Periodically, the execution of a BT starts from its root node, a process facilitated by the generation of a tick signal that traverses the tree branches in accordance with the distinct characteristics of each node type [22]. A node is deemed eligible for execution solely upon receipt of the tick signal. Upon execution, a child node promptly communicates its status to the parent, status either Running if its execution is ongoing, Success if its objective has been attained, or Failure if unsuccessful. The tick signal allows a BT to respond and adapt to changes in the environment or the agent’s state in real-time. By regularly updating the tree’s nodes, the agent can make informed decisions and perform appropriate actions based on the current state.

Multi-agent reinforcement learning

A multi-agent game can be modeled as a multi-agent extension of the Markov Decision Process [23]. It is represented by the tuple \(\left\langle {\mathcal {N}}, {\mathcal {S}}, {\mathcal {A}}, R, P\right\rangle \), where \({\mathcal {N}}=\{1,2, \ldots , N\}\) is the set of agents. \({\mathcal {S}}=\left\{ S^{t}\right\} _{t=0}^{T}\) is the environment state where \(S^{t}\) is the state at time t and T is the maximum time steps. The terminal state \(S^{T}\) represents the final state when the stopping condition is satisfied. \({\mathcal {A}} = \{A_i\}_{i=0}^{N}\) represents the action space for all agents. \(R: {\mathcal {S}} \times {\mathcal {A}} \rightarrow {\mathcal {R}}\) is the reward function. \( {\mathcal {P}}=\{P_{ss'}^a\mid s,s' \in {\mathcal {S}},a\in {\mathcal {A}}\} \) is the state transition function, and \(P_{ss'}^a\) gives the probability from state s to state \(s'\) if the action a is taken.
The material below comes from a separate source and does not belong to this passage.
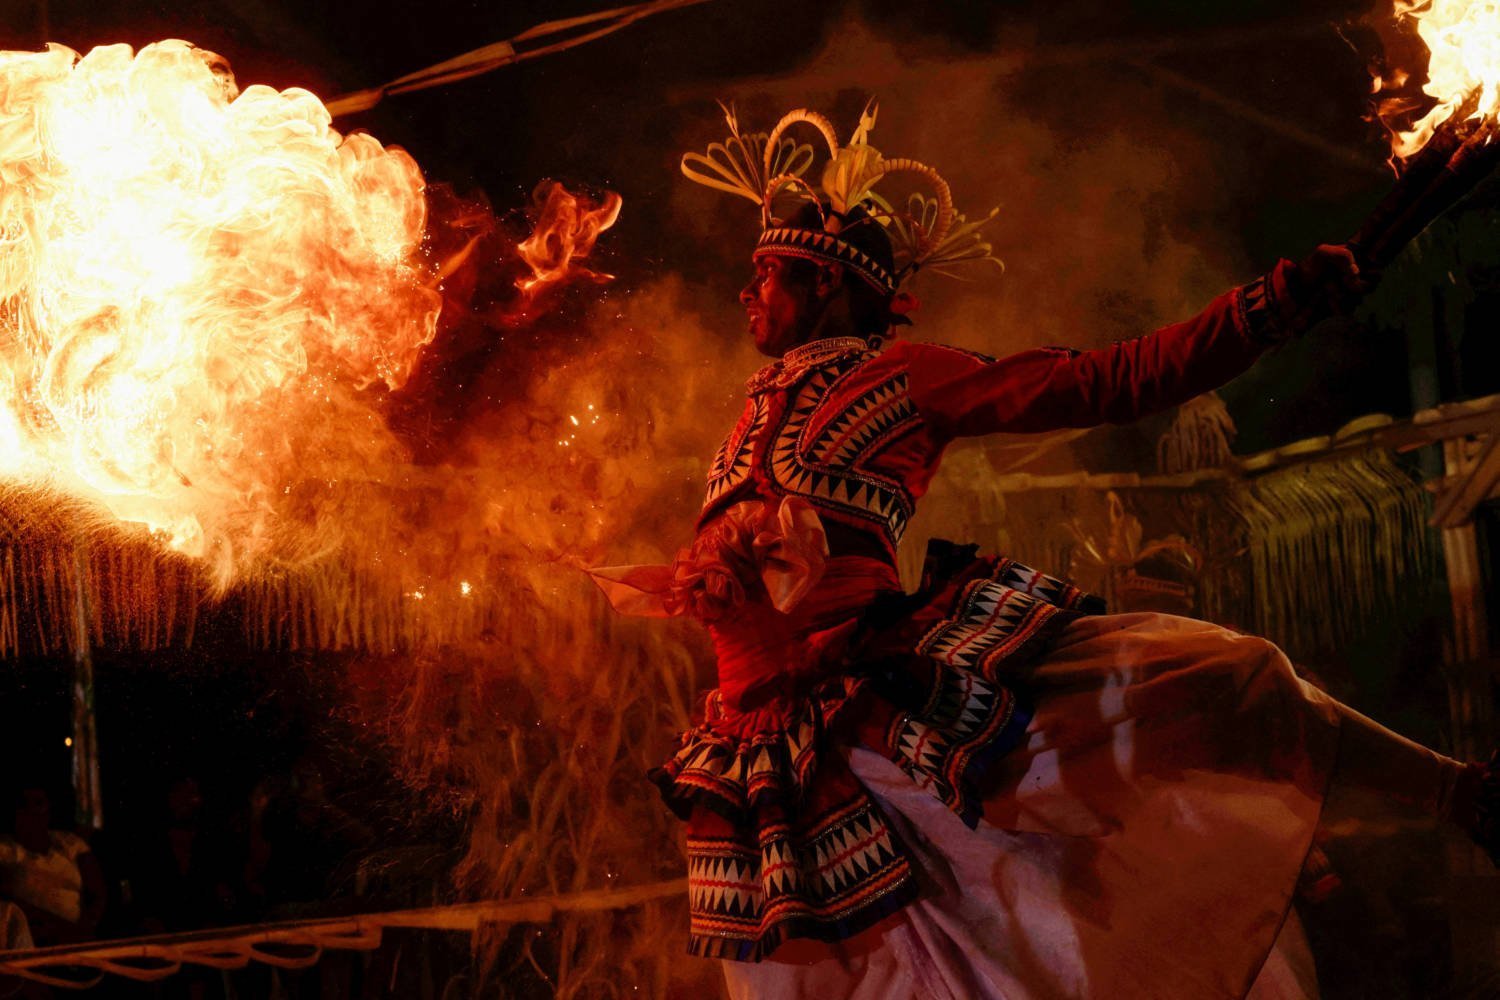 A Sri Lankan Dancer Performs With Fire At A Gammaduwa Performance In Colombo

To compute the optimal policy, the state value function \(V^{\pi }(s)\) under policy \(\pi \) is introduced, which is calculated by accumulated rewards with the discount factor \(\lambda \in [0,1]\), see (1), where \({\mathbb {E}}\) is the expectation:

$$\begin{aligned} V_{\pi }(s)={\mathbb {E}}_{\pi }\left\{ \sum _{k=0}^{\infty } \lambda ^{k} r^{t+k+1} \bigg | S^t = s \right\} \end{aligned}$$
(1)

Based on \(V_{\pi }(s)\), the state-action value \(Q_{\pi }(s,a)\) is defined as (2)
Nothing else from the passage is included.